Pay for parking with a tap of your smartphone
Paying for parking in London just got even easier.
Two years after the Honk app arrived in the Forest City, the Toronto-based parking payment start-up has launched HonkTAP for all municipal on and off street parking.
The new technology allows drivers to simply tap their smartphone on designated near-field communication (NFC) technology enabled signs to pay for parking and walk away.
“The app has been around this city for two years, but there is still a majority of people who go to the parking meter so we wanted to come up with a solution that addresses these people and that is HonkTAP,” said Michael Back, Honk founder and CEO. “It works with any phone, there is nothing to download, it has all of the functionality of a parking meter without any of the capital expense and all the usability of an app without having to download and register.”
Back, a Western University graduate, said HonkTAP is especially useful for visitors to the city.
“An app really talks to the most frequent of users.
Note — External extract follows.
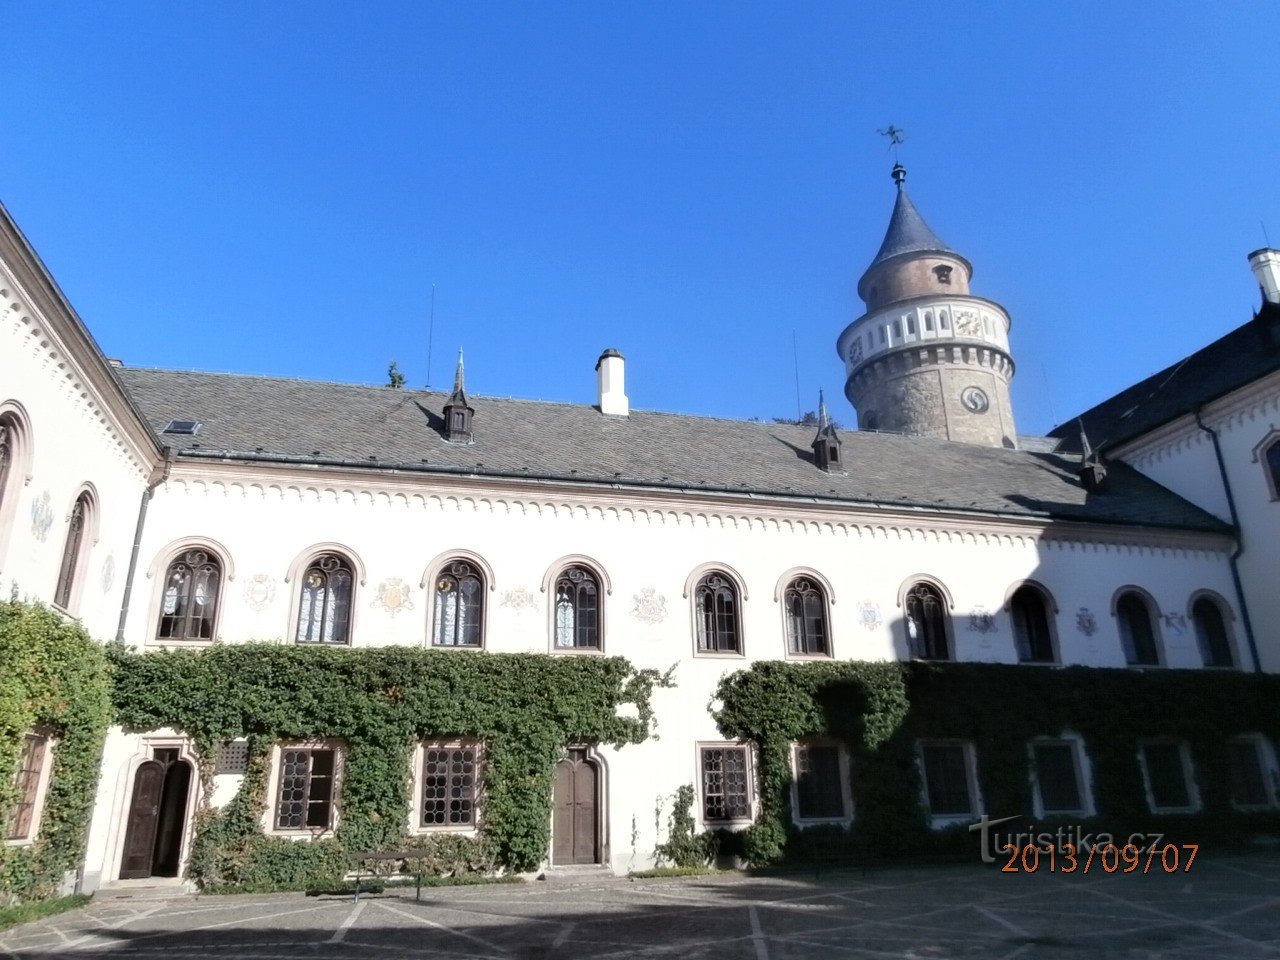 Romantisches Schloss Sychrov

So if you live here, you work here the app download is great. But if you are an infrequent visitor, you live outside the city and are only here every now and again, this lets you pay for parking without the hassle of waiting in lines or digging for change,” said Back.
London is the first city in North America to introduce the new parking payment option. The NFC-enabled signage was installed on every digital and coin-operated parking meter in the city over the past couple of weeks.
Once a driver taps their phone, a checkout page pops up where they can enter their licence plate number and select a payment option. HonkTAP accepts Apple Pay, Pay Pal, and all major credit cards. Drivers are also given the option to opt-in to receive text notifications about when their parking is due to expire and can remotely add more time to the parking meter.
Mayor Ed Holder got a crash course on using the new technology at the official HonkTAP launch on Thursday at the municipal parking lot at 641 Queens Avenue. He was quick to praise it for its user-friendly design.
“If Ed Holder, former minister of science and technology, can do this believe me anyone can do it,” Holder said. “It took one example. I had the marketing manager for Honk show me how it was done. But just to be sure the CEO for Honk used his phone [to show me] as well. So I actually had two little tests but I got it after the first one.”
Holder believes Honk selected the city as its test market for the tap technology because of the willingness of Londoners to go outside of their comfort zones.
“London is a great test market. We test market so many things. We are the home of testing for the dark roast coffee for Tim Hortons, we were the test market for McDonald’s when they launched the “happy meal”… It is because we are such good people and people that don’t mind trying different things, so it became an easy place for Honk to decide this is where they are going to put their first market in,” said Holder.
Those will older model cell phones can also take advantage of the HonkTAP option by scanning a QR code on the NFC-enabled signage with their phone’s camera.
Roughly 30,000 people in London already use the Honk app to pay for municipal parking.